Monday, November 19, 2012
GOP group disseminates, then pulls paper proposing "sensible" copyright law reforms
Ars Technica, in an article by Timothy B. Lee (November
18), reports that an influential group of House Republicans published and then
pulled an article proposing "shockingly sensible" copyright reforms. EFF tweeted the story today.
The paper would have reduced maximum infringement
damages, copyright terms, penalties for frivolous copyright infringement claims
and trolling (like Righthaven) and expanded ideas of fair use.

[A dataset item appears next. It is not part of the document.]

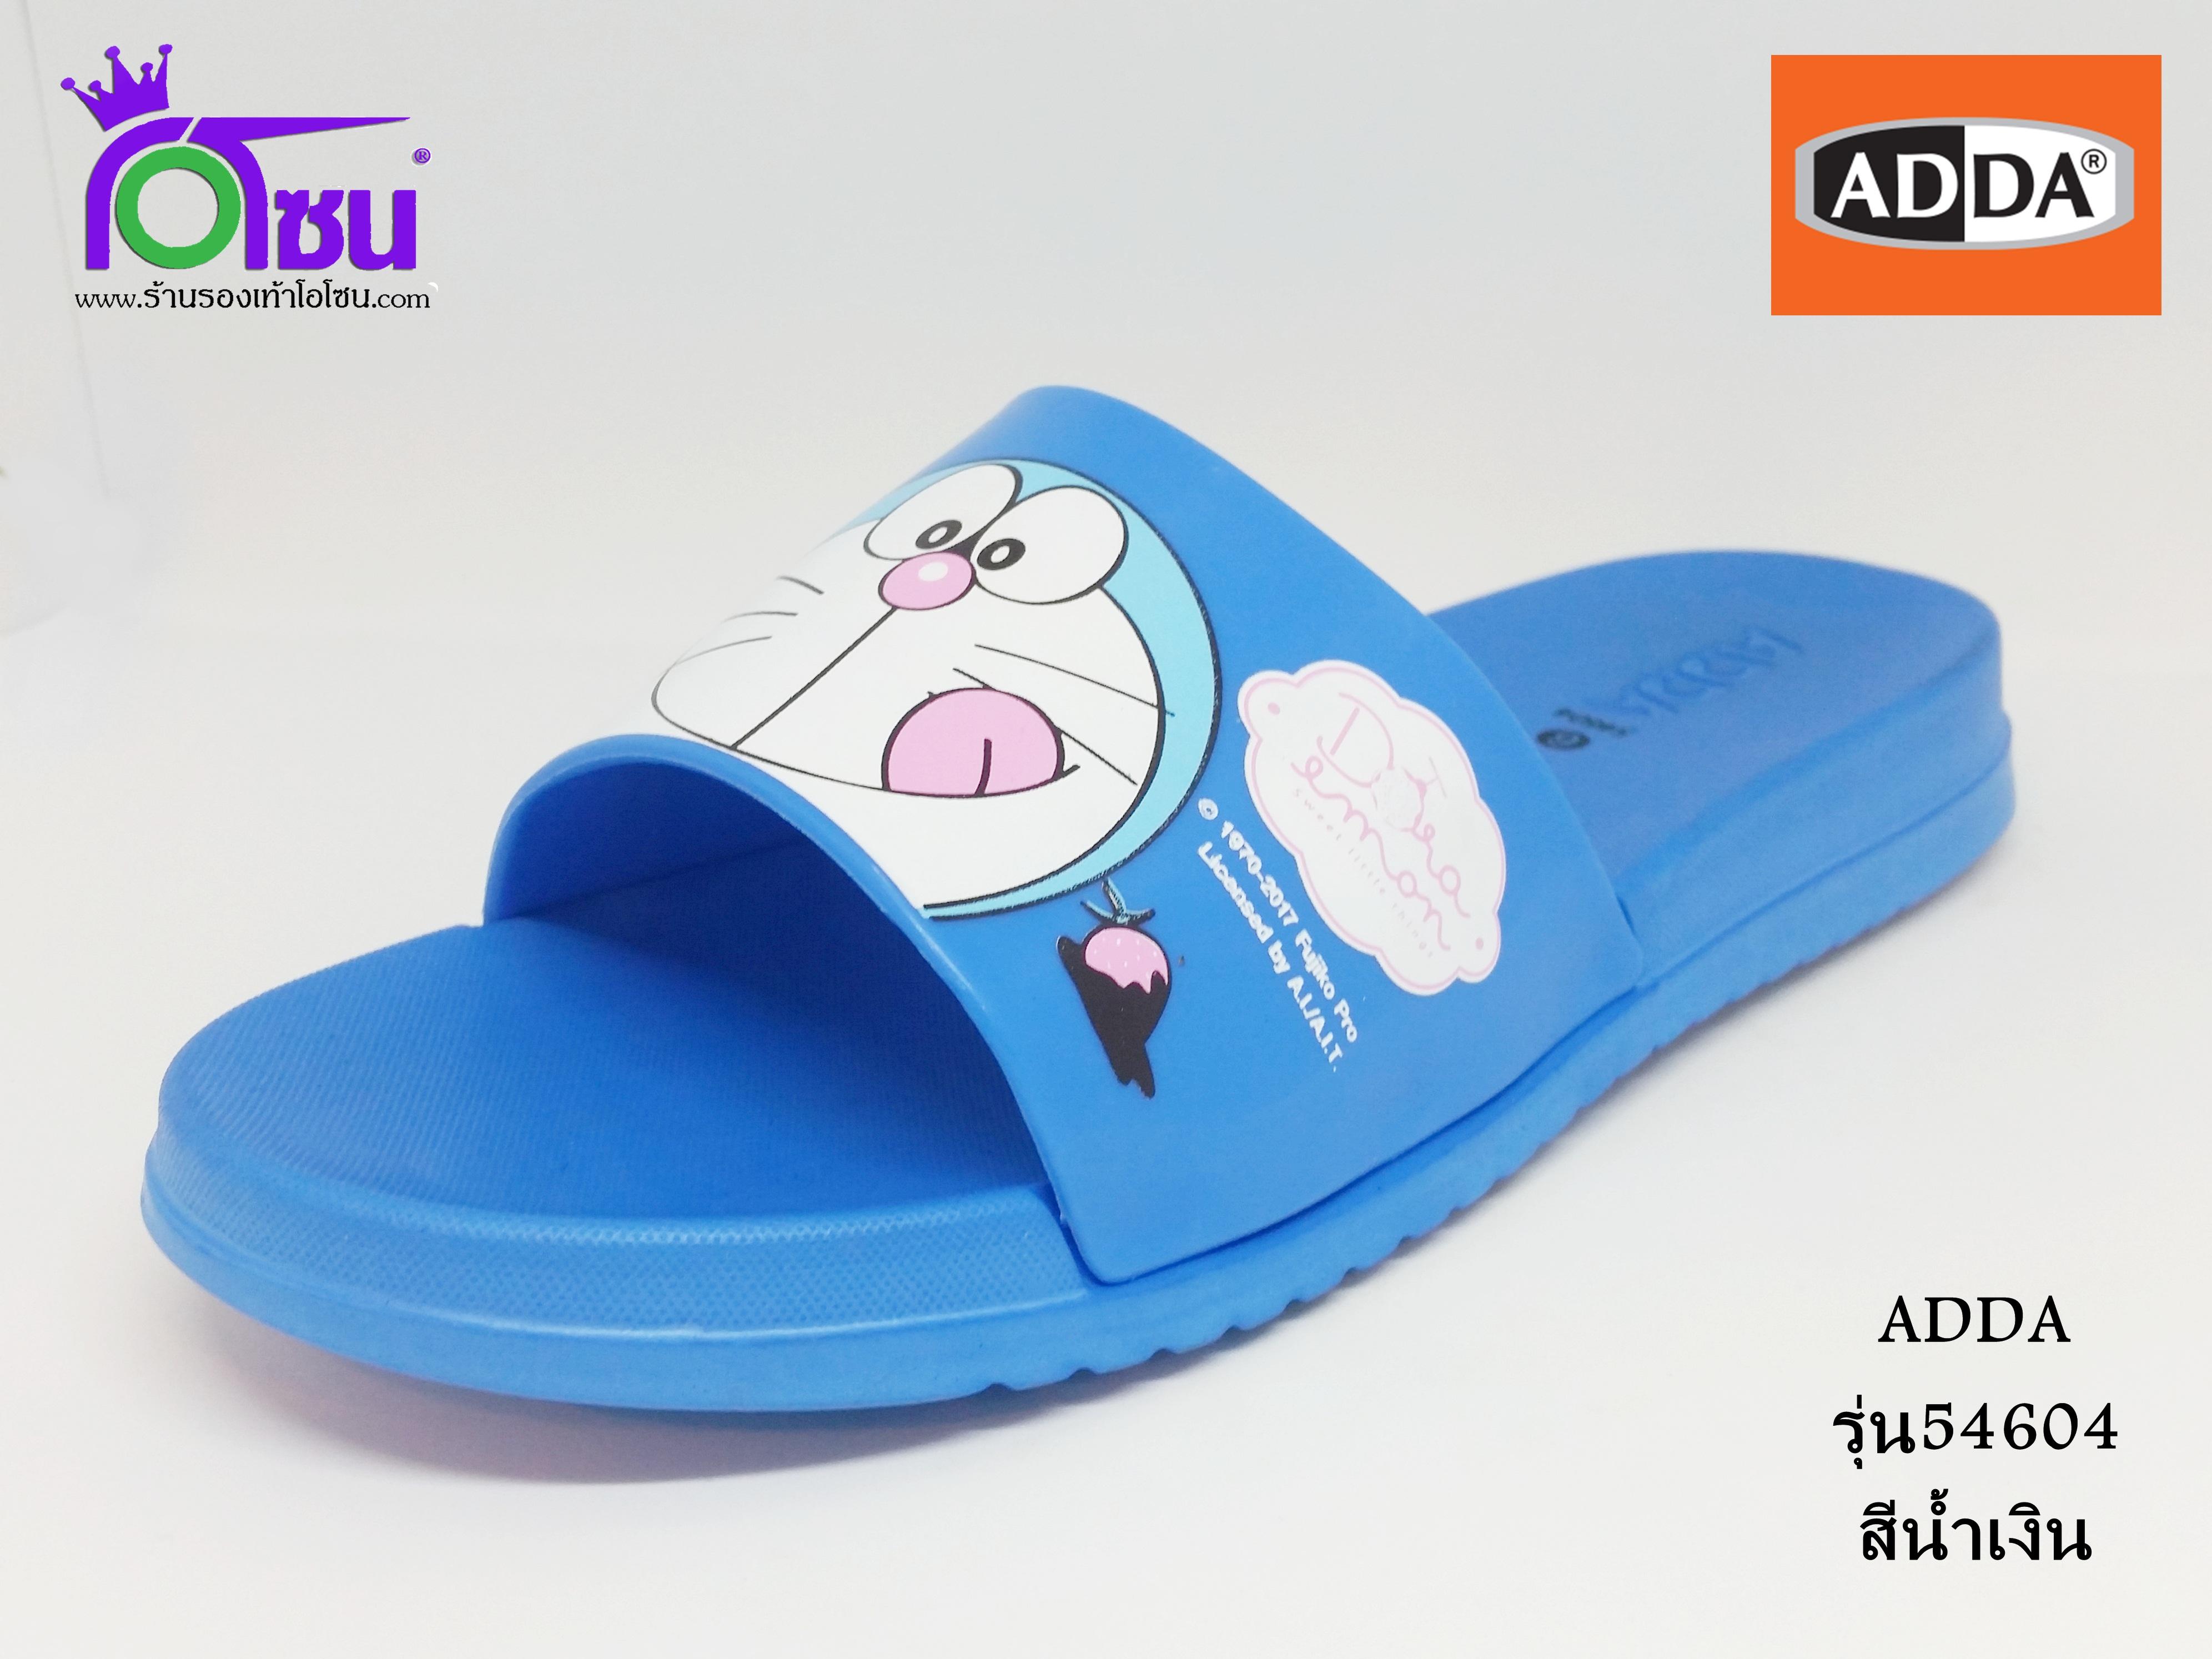 ADDA Doraemon แอ๊ดด้า โดราเอมอน รหัส 54604 สีน้ำเงิน เบอร์ 4-6

The link for the story is here.
The American Conservative has an article (by Jordan
Bloom, Nov. 16) that includes an embedded PDF from Scribd of the proposal
(about 8 pages) as well as the brief memo pulling it back (in boldface). The article asks is this an “anti-IP turn for
the GOP?”. This is the link.
Generally, the "pelican brief" GOP memo was critical of the continuing
strategy of some large media companies to try to maintain monopoly over
meaningful content distribution and sales, as if they feared low-cost
competition much more than outright piracy.
Early Sunday afternoon, I did see a poor-looking
person trying to sell pirated CD’s or DVD’s to people caught in a traffic jam
near New York Avenue in Washington DC.
That could be a security problem in other ways. I’ve also seen this take place on NYC
subways. If I was a rich media mogul, I
wouldn’t be worried about poor people buying cheap (and probably technically
deficient) imitation copies of my work.
If my work reaches more people, so much the better. (Maybe I would be worried if I had a union or
guild job in the business.) But it is
this crude kind of piracy that leads movie theaters to have zero tolerance to
photography within their auditoriums. (See
the story of an arrest on my Movies blog, Aug 3, 2007).